Thursday, July 2, 2009

Haruki Murakami on New Realism

"A common state of mind among people in the contemporary world is that they become unsure about whether the world they see is actually real. The Twin Towers of the World Trade Center came crashing down during the Sept. 11, 2001, terrorist attacks in New York in scenes that seemed to be unreal. As video footage of the towers collapsing were shown over and over again, some people might unwittingly and momentarily have felt they were straying into an odd world where no such towering buildings existed. They possibly think there could be a world where U.S. President George W. Bush was not reelected and the Iraq war did not break out.

I think the Great Hanshin Earthquake in January 1995 and the Aum sarin gas attack on the Tokyo subway system in March that year made many Japanese experience a sense of dissociation from reality before people of other countries.
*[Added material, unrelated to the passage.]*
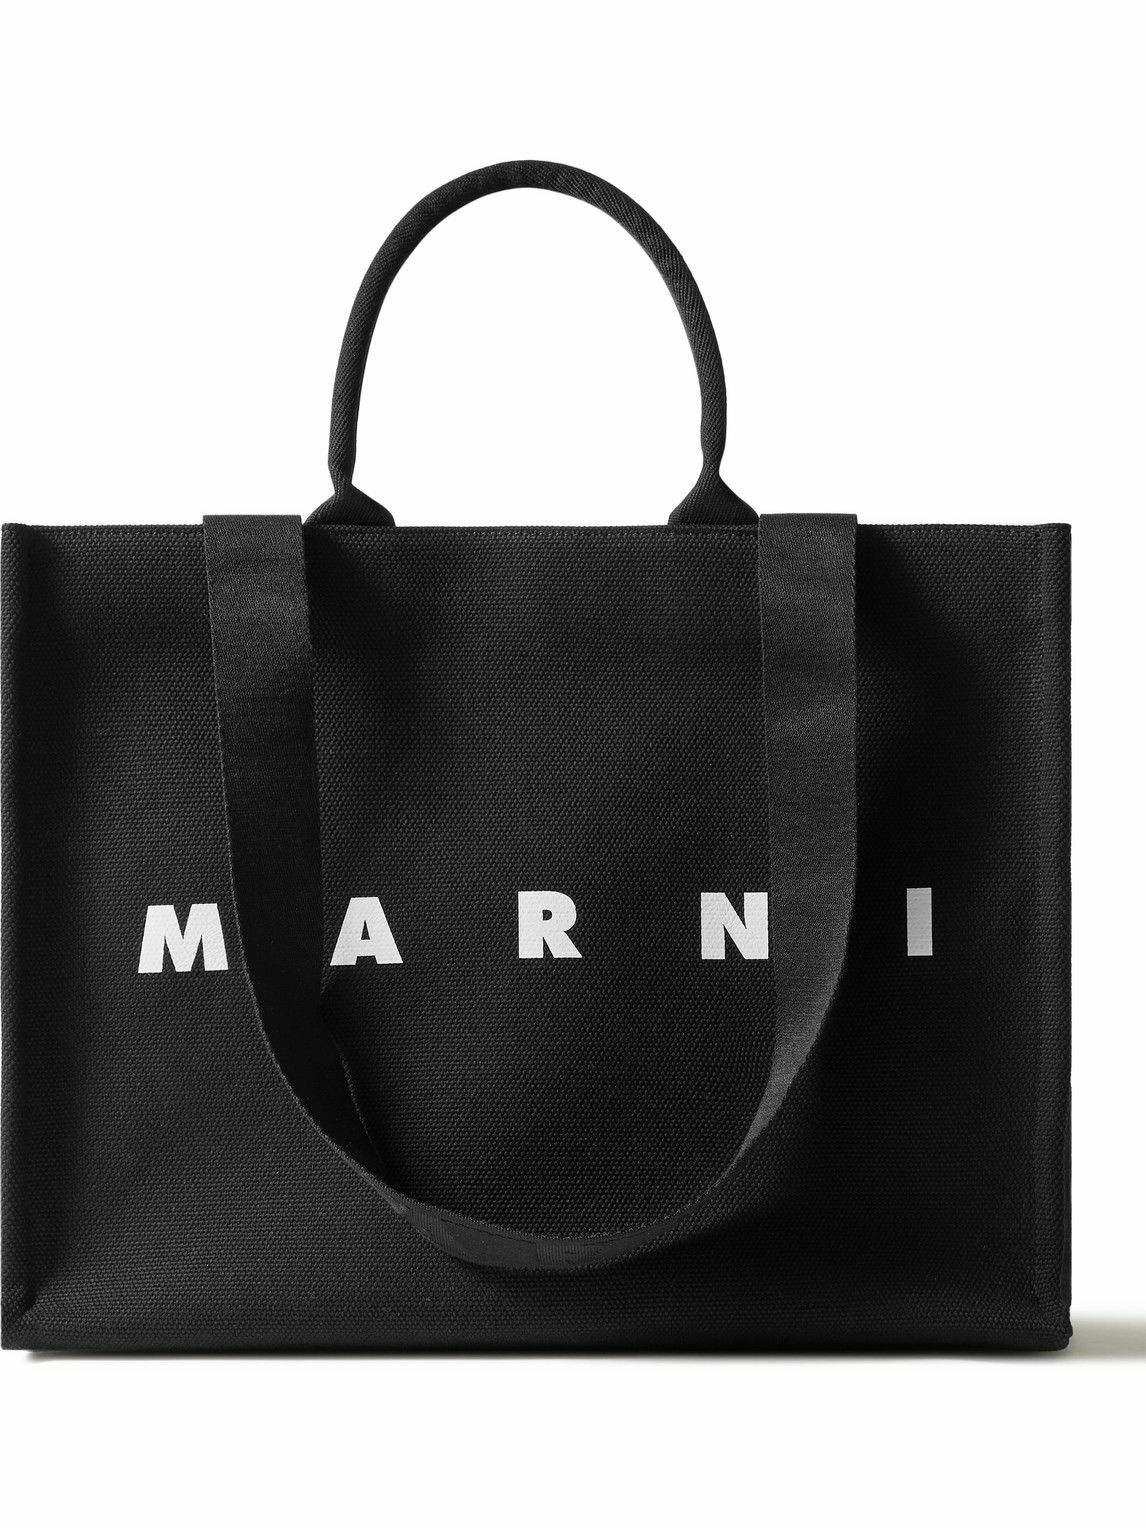 Marni - Logo-Print Canvas Tote Bag Marni

They asked themselves, "What we are here for?" My novels, except for "Norwegian Wood," do not represent what we call realism, but seem to have started being accepted the world over as works representing new realism--especially after 9/11.

At the same time, I like secular novels like those written by Honore de Balzac [1799-1850]. I wanted to write a "comprehensive novel" in my own style describing present-day social conditions from a three-dimensional standpoint. I tried to embed human life in the contemporary social climate by going beyond the genre of pure literature and by tapping various approaches that each offered something different.